As alarming as these numbers are, I believe they would reach epidemic proportions if gay and lesbian couples didn't self-censor their behavior. For those who disagree (especially heterosexuals) I dare you to stroll for 30 minutes hand in hand with a person of the same-sex down almost any street in America. If you want to prove your mettle, do it in a county that voted for George W. Bush by at least a 10-point margin. If you really think you're a tough guy, you can walk the strip one more time in drag to experience the harassment transgender people often encounter.

I believe that if every person in America volunteered to take this challenge, it would offer most people a new appreciation of what it is like to be gay in much of America. This would be the ultimate diversity training!

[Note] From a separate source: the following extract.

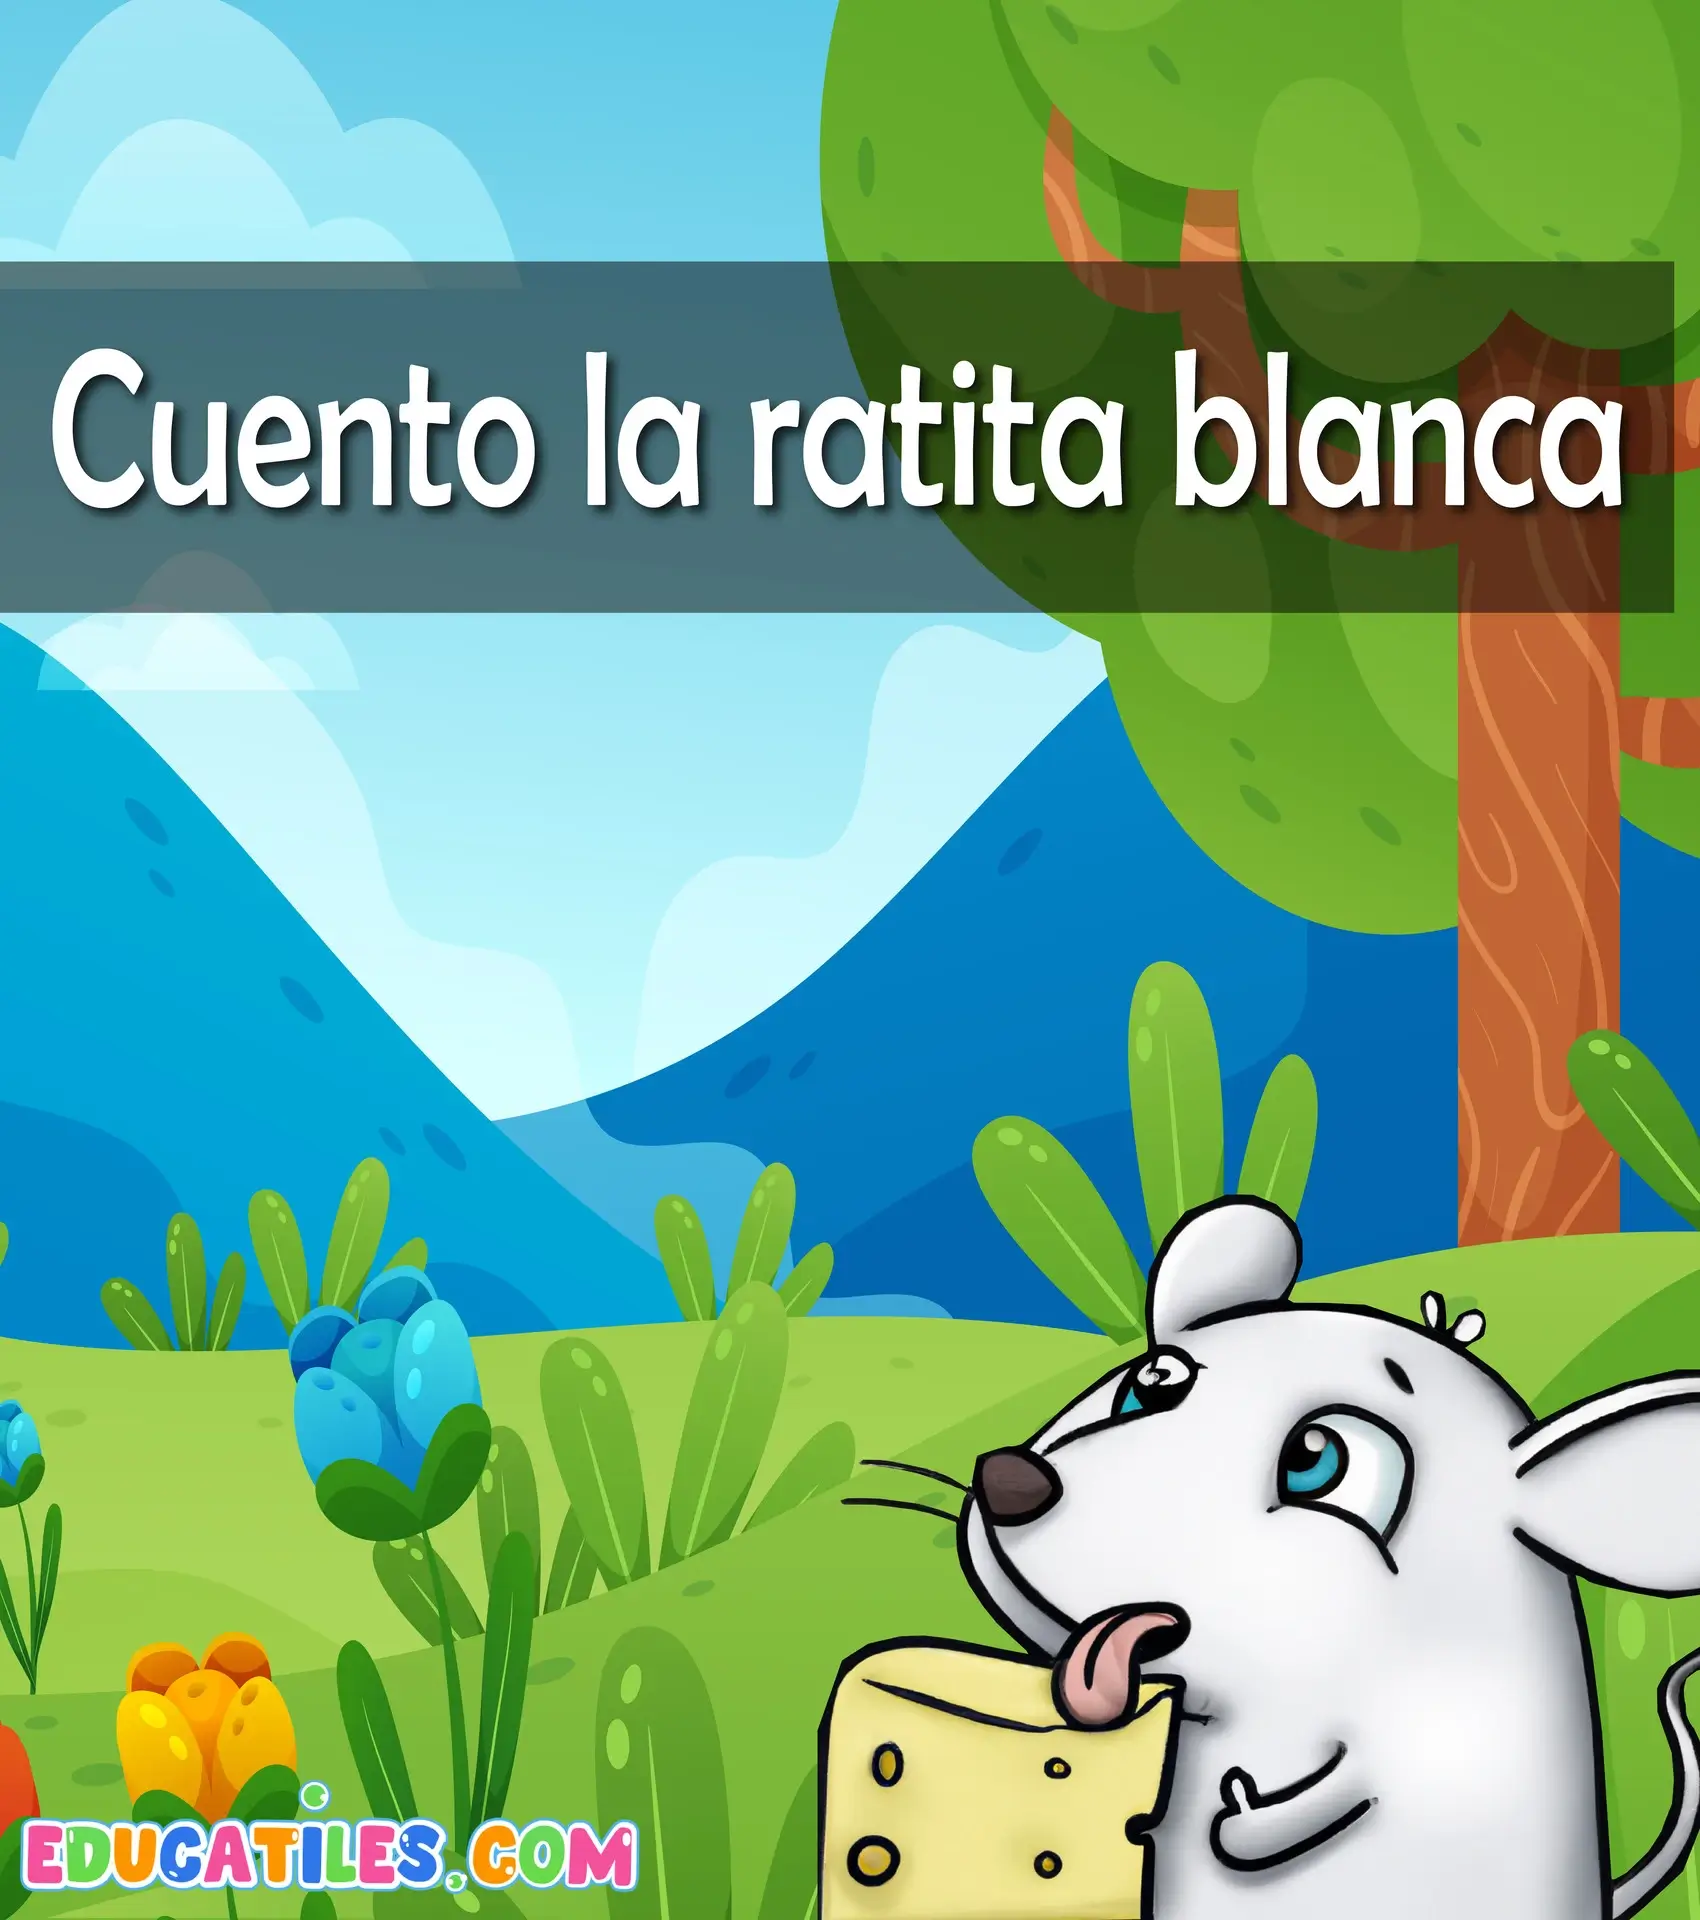 Cuento la ratita blanca Cuentos en español Materiales educativos Historias cortas para niños

On a day-to-day basis, choosing where to show even mild affection can put enormous stress on same-sex relationships. For example, over the New Year's holiday I went camping near St. Augustine, Florida with my boyfriend Ben.

When we got to our assigned campsite, I looked around and we were hemmed in between two families: The Beverly Hillbillies and the crew from Deliverance. There were about ten people and a total of thirty teeth. Did they survive by roasting marshmallows? On one of their vans there was a great anti-Evolution bumper sticker and another that said "Choose Life." Empty beer cans littered the mouth of one of the camouflaged tents.

I do admit that I am guilty of Yahoo-profiling. For all I know, these folks might have been pro-gay and used their truck as a float in the gay pride parade. But I'll take my chances with being wrong - at least I'm alive.

After studying the situation, I asked Ben if we could move to a more private location. At first, he got upset and said they looked like nice families.

"Sure, just because they are families, that makes them nice," I sarcastically retorted. "Just like Focus on the Family, The American Family Association and the Family Research Council." He saw my point.

We ended up getting a more private campsite and had a great time. Still, when we went for romantic country walks, unlike heterosexual couples, we had to discern when it was safe to be ourselves. And in a place where half the people looked like Elmer Fudd, it was a difficult question to answer.

Ironically, when we got to liberal Gainesville, Florida the next day, cowardly punks in a passing car called us "queers." This is the third time I've experienced such an incident in the past year.

I partially blame the political climate created by George W. Bush and his ugly Federal Marriage Amendment. Indeed, political homophobia has become pathological to the point of a Virginia lawmaker proposing this week to sponsor an anti-gay marriage license plate. How many people have to be hurt before grandstanding politicians realize that their hateful words have real life consequences?

As much as they might like, the opposition cannot forever use the threat of violence to silence. As more gay couples are married and have children, we are going to see less self-censorship on Main Street. In America 2005, same-sex couples have pulled off the surreal feat of being everywhere, but nowhere. I believe in the next few years this will radically change.